In order for kdump to be able to capture a kernel crash dump and save it for further analysis, a part of the system memory has to be permanently reserved for the capture kernel. When reserved, this part of the system memory is not available to main kernel.

The memory requirements vary based on certain system parameters. One of the major factors is the system’s hardware architecture. To find out the exact name of the machine architecture (such as x86_64) and print it to standard output, type the following command at a shell prompt:

# uname -m

Another factor which influences the amount of memory to be reserved is the total amount of installed system memory. For example, on the x86_64 architecture, the amount of reserved memory is 160 MB + 2 bits for every 4 KB of RAM. On a system with 1 TB of total physical memory installed, this means 224 MB (160 MB + 64 MB).

Minimum Amount of Reserved Memory Required for kdump

Installing kdump

In order use the kdump service on your system, make sure you have the kexec-tools package installed.

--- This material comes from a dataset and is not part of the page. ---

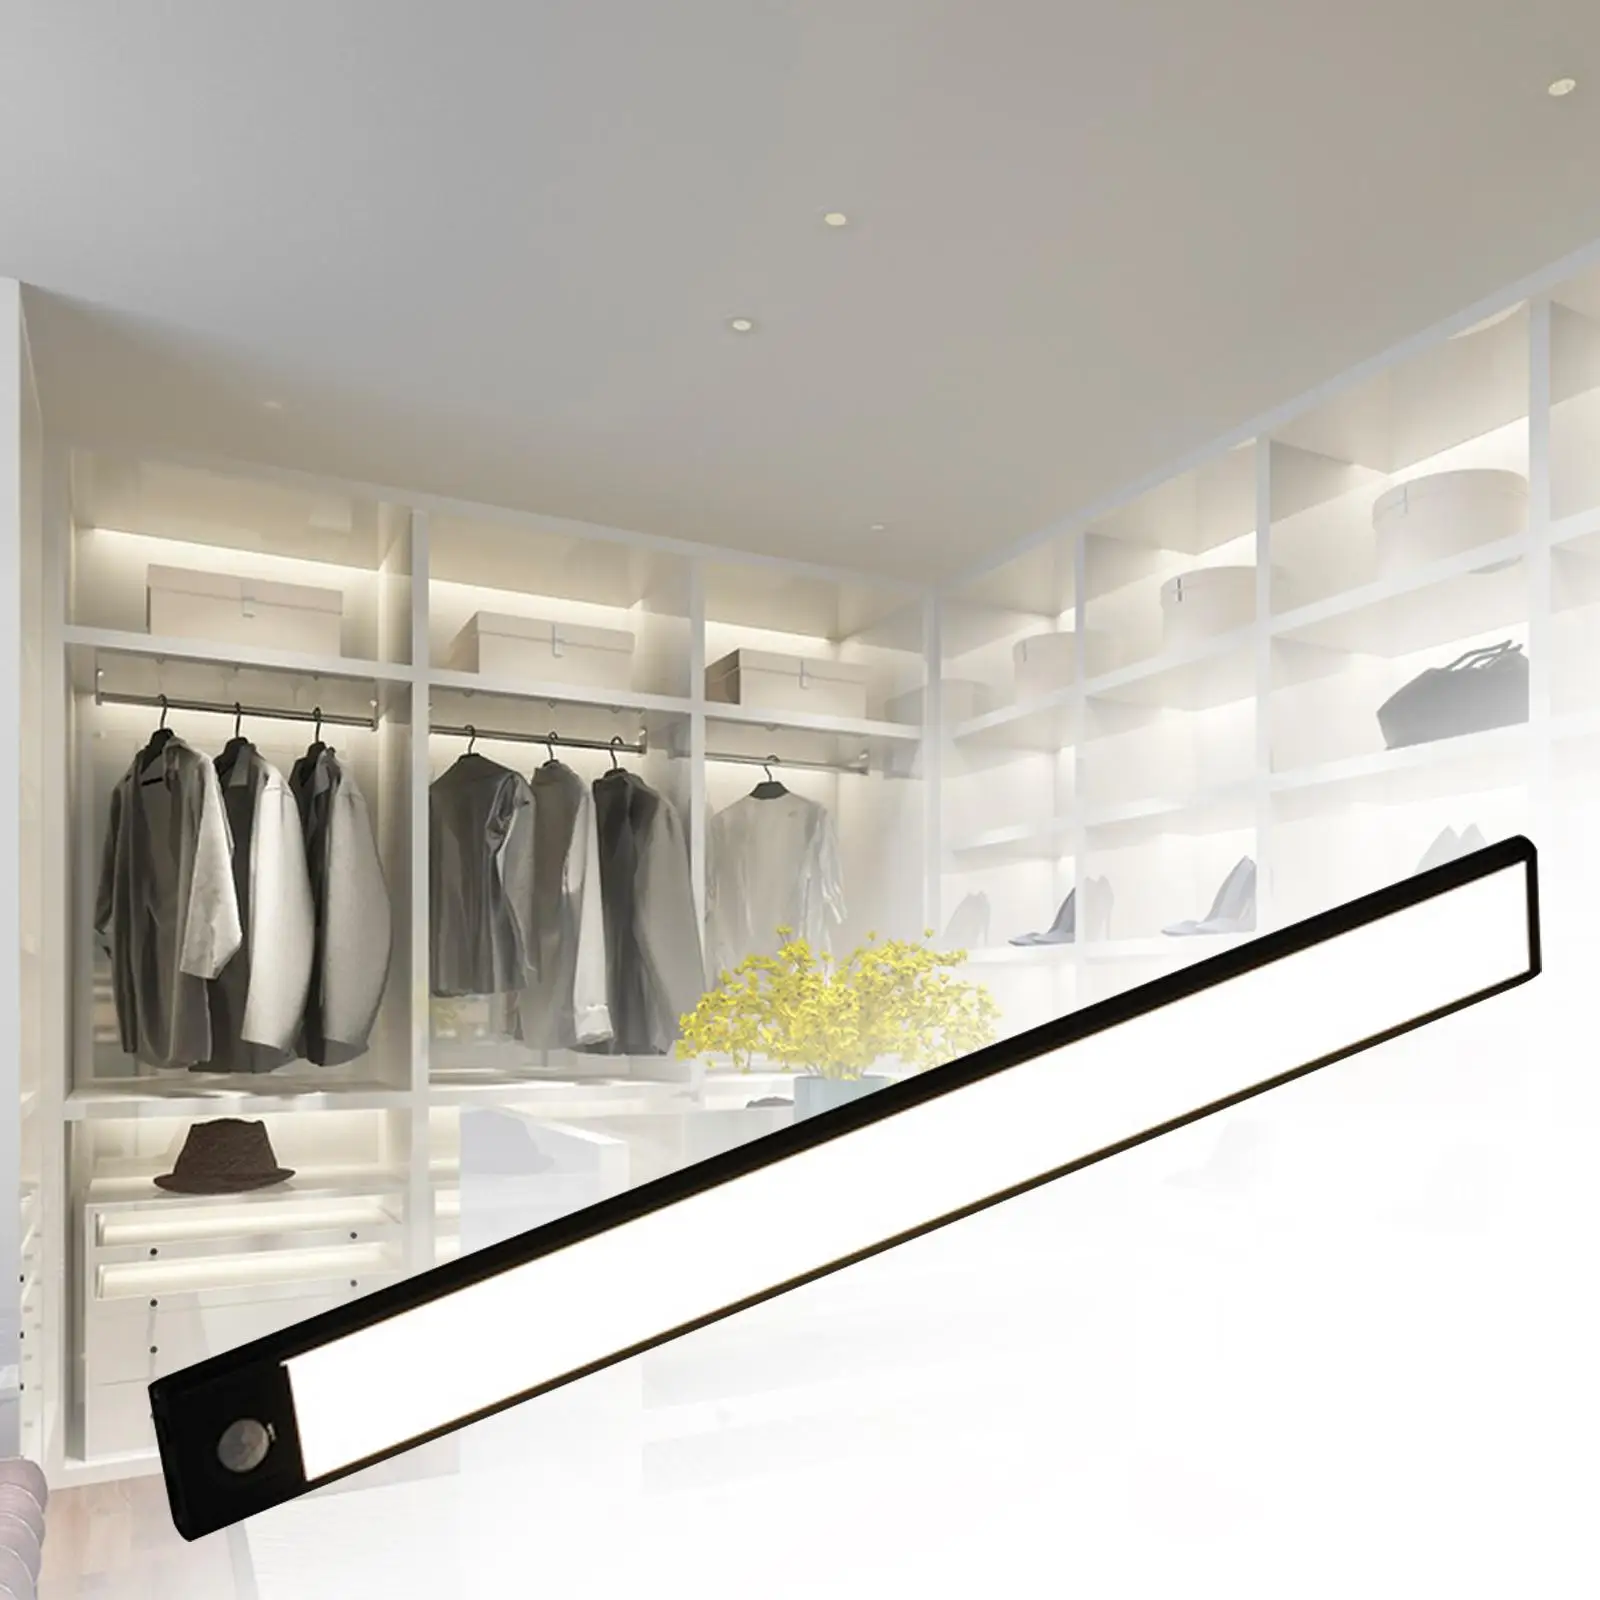 Motion Sensor Light Bar 1500mAh Rechargeable Comfortable Night Lighting for Corridors Wardrobe Hotel Rooms Workshops Bedrooms

To do so, type the following at a shell prompt as root:

# yum install kexec-tools

On IBM Power (ppc64) and IBM System z (s390x), the capture kernel is provided in a separate package called kernel-kdump which must be installed for kdump to function:

# yum install kernel-kdump

Adding Boot Parameters

The "crashkernel=" option can be defined in multiple ways.

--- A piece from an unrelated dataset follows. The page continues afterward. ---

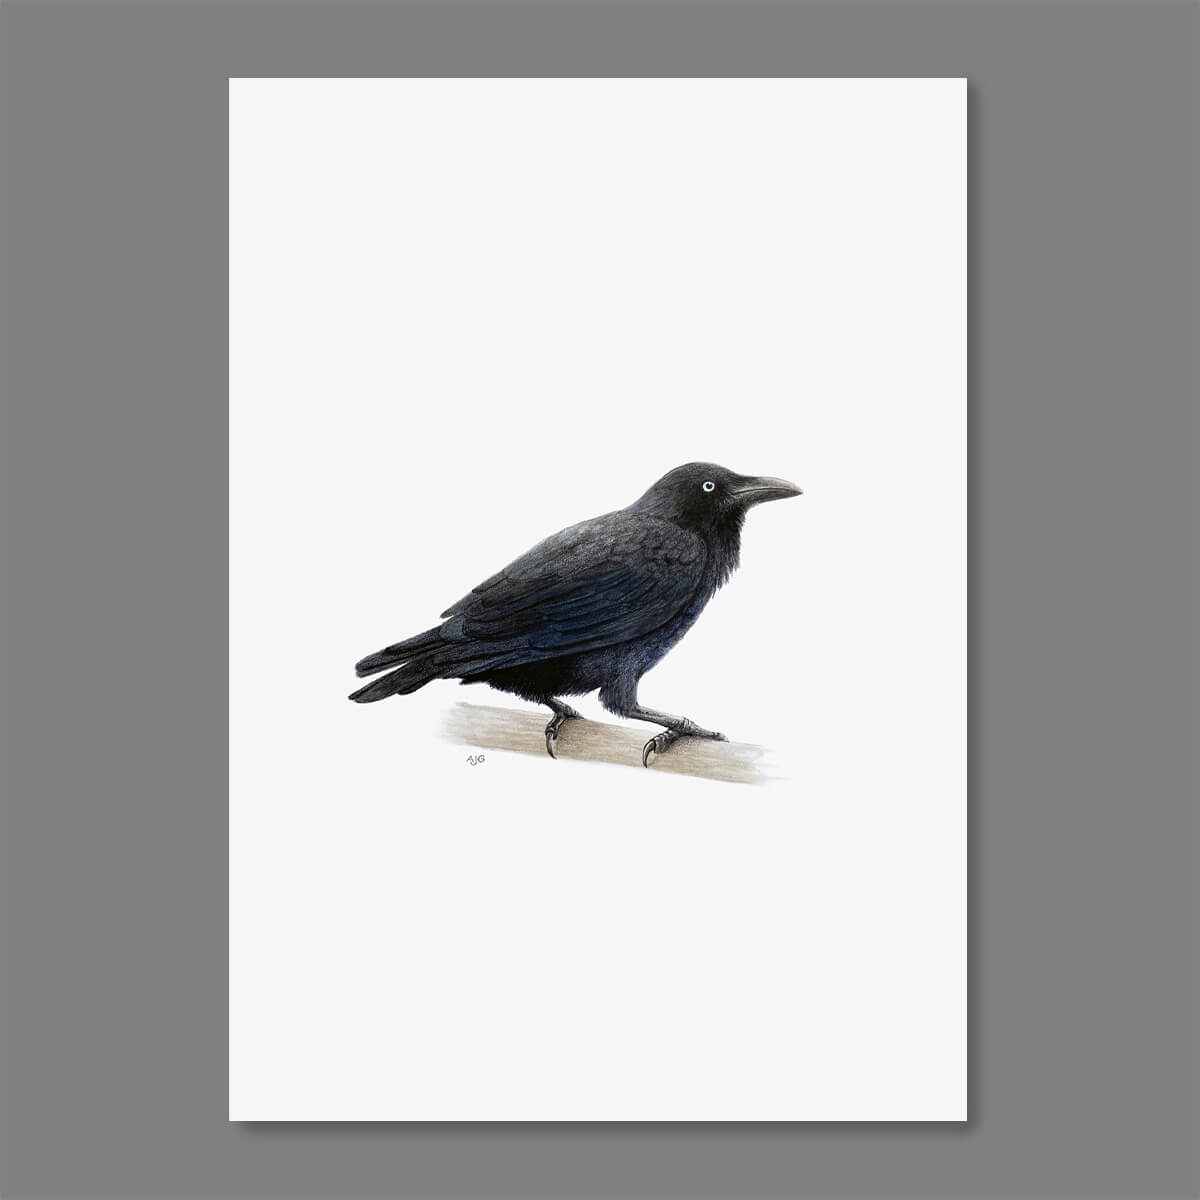 Australian raven crow original gouache and pencil painting by Amanda Gosse bird artist

The auto value enables automatic configuration of reserved memory based on the total amount of memory in the system. Starting with RHEL7 kernels crashkernel=auto should usually be used. The kernel will automatically reserve an appropriate amount of memory for the kdump kernel.
NOTE: RHEL7 with crashkernel=auto will only reserve memory on systems with 2GB or more physical memory. If the system has less than 2GB of memory the memory must be reserved by explicitly requesting the reservation size, for example: crashkernel=128M.

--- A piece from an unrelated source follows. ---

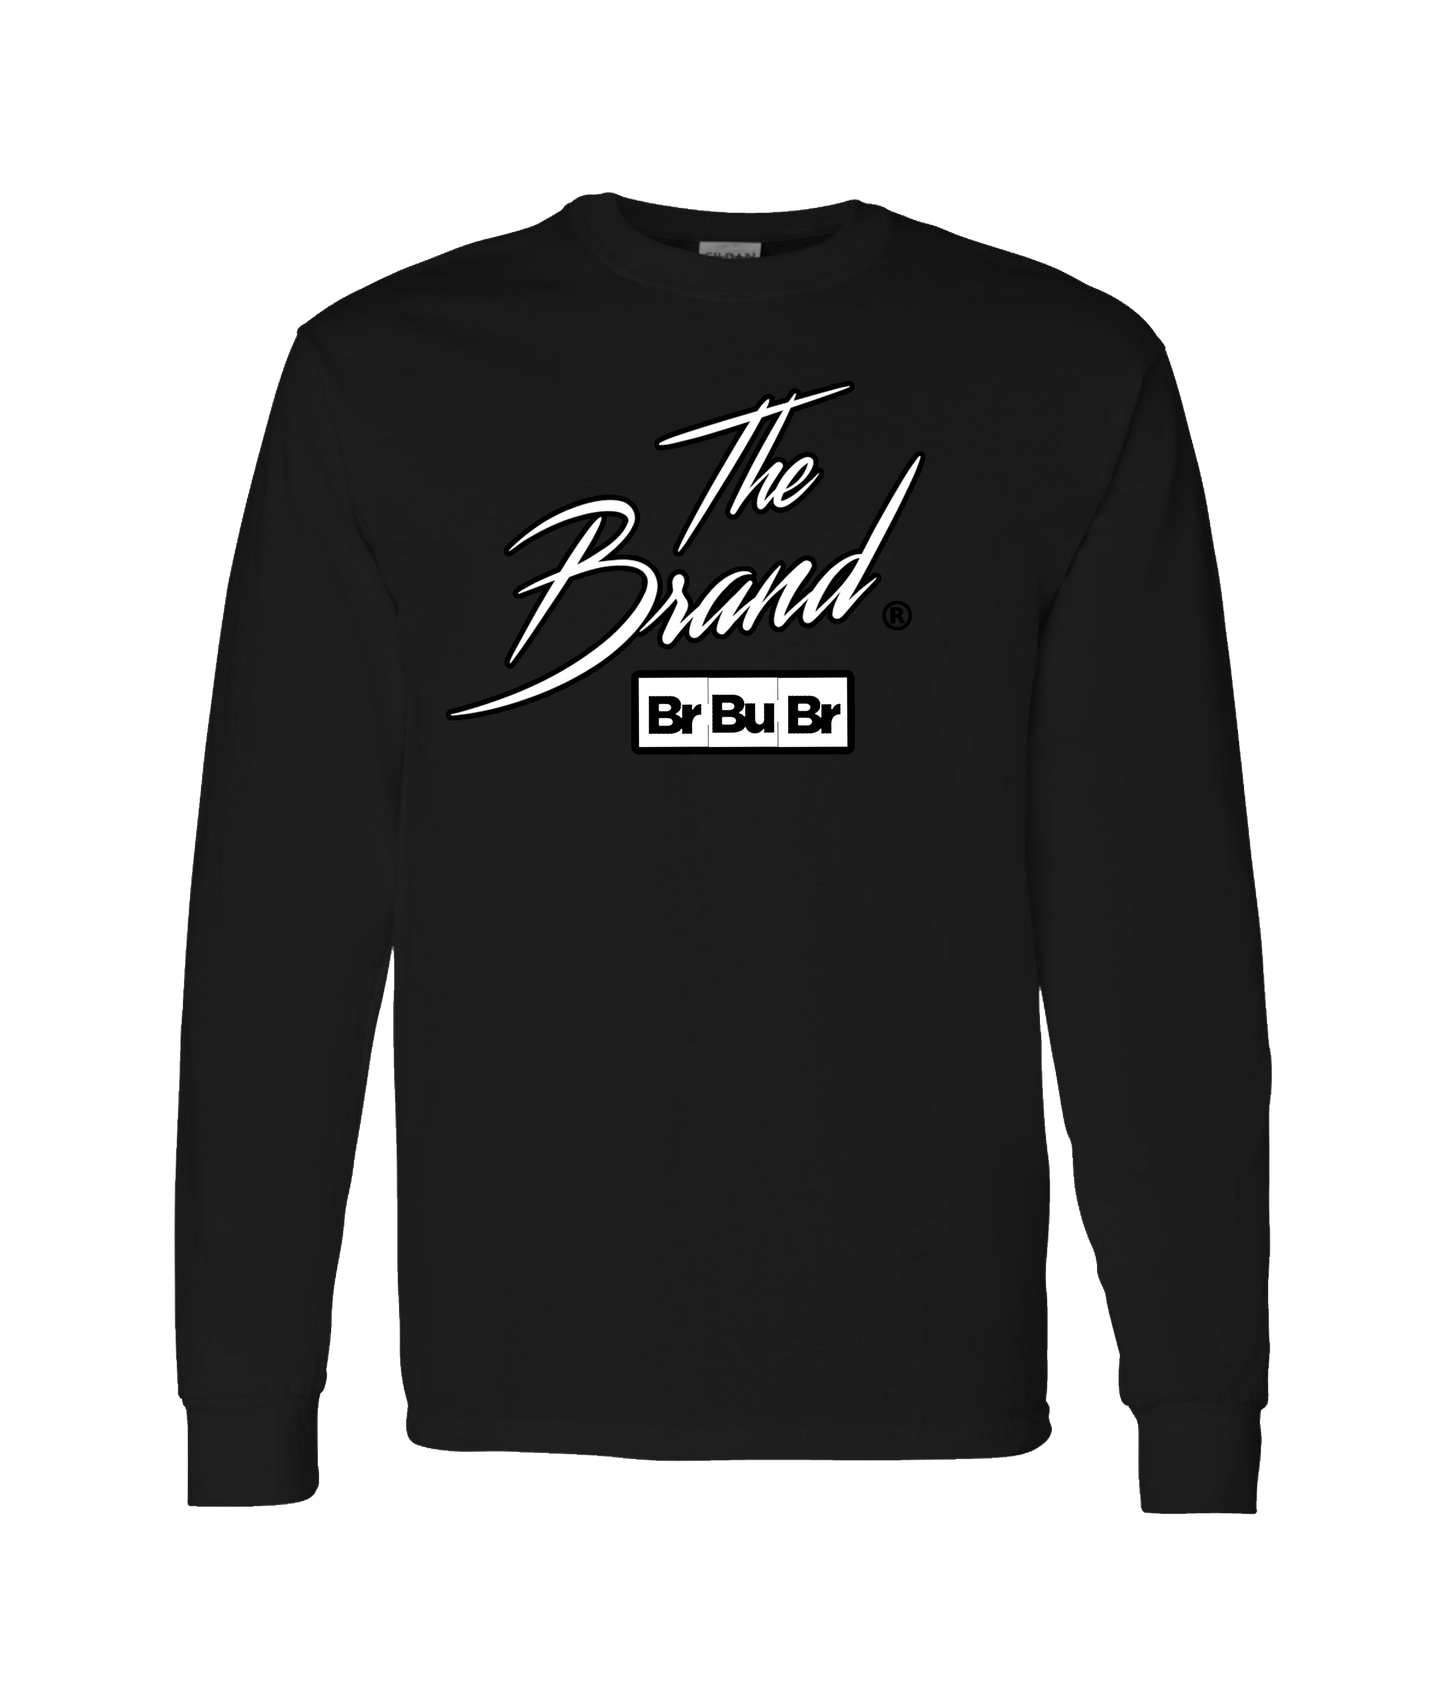 The Breakin Bud Brand - Fall season - Black Long Sleeve T

Some systems require to reserve memory with a certain fixed offset. If the offset is set, the reserved memory begins there. To offset the reserved memory, use the following syntax:

crashkernel=128M@16M

The example above means that kdump reserves 128 MB of memory starting at 16 MB (physical address 0x01000000). If the offset parameter is set to 0 or omitted entirely, kdump offsets the reserved memory automatically

Sample GRUB2 config file (/etc/sysconfig/grub)

GRUB_TIMEOUT=5
GRUB_DISTRIBUTOR="$(sed 's, release .*$,,g' /etc/system-release)"
GRUB_DEFAULT=saved
GRUB_DISABLE_SUBMENU=true
GRUB_TERMINAL_OUTPUT="console"
GRUB_CMDLINE_LINUX="novga console=ttyS0,115200 panic=1 numa=off elevator=cfq rd.md.uuid=3b1e2dc9:8f31253e:a3a9cb3f:2c9cd9d1 rd.lvm.lv=os/root rd.md.uuid=dbf7f100:c0850807:9423a785:1a3f0acd rd.md.uuid=31eb0dce:3cc298b6:8d64f1d1:e3db25b2 rhgb quiet crashkernel=auto"
GRUB_DISABLE_RECOVERY="true"

After modifying /etc/sysconfig/grub, regenerate the GRUB2 configuration using the edited default file. If your system uses BIOS firmware, execute the following command:

# grub2-mkconfig -o /boot/grub2/grub.cfg
Generating grub configuration file ...
Found linux image: /boot/vmlinuz-3.10.0-862.6.3.el7.x86_64
Found initrd image: /boot/initramfs-3.10.0-862.6.3.el7.x86_64.img
Found linux image: /boot/vmlinuz-0-rescue-744622670ad74ca599b5c9c5734c1c81
Found initrd image: /boot/initramfs-0-rescue-744622670ad74ca599b5c9c5734c1c81.img
done

NOTE: After adding the crashkernel parameter the system must be rebooted for the crashkernel memory to be reserved for use by kdump.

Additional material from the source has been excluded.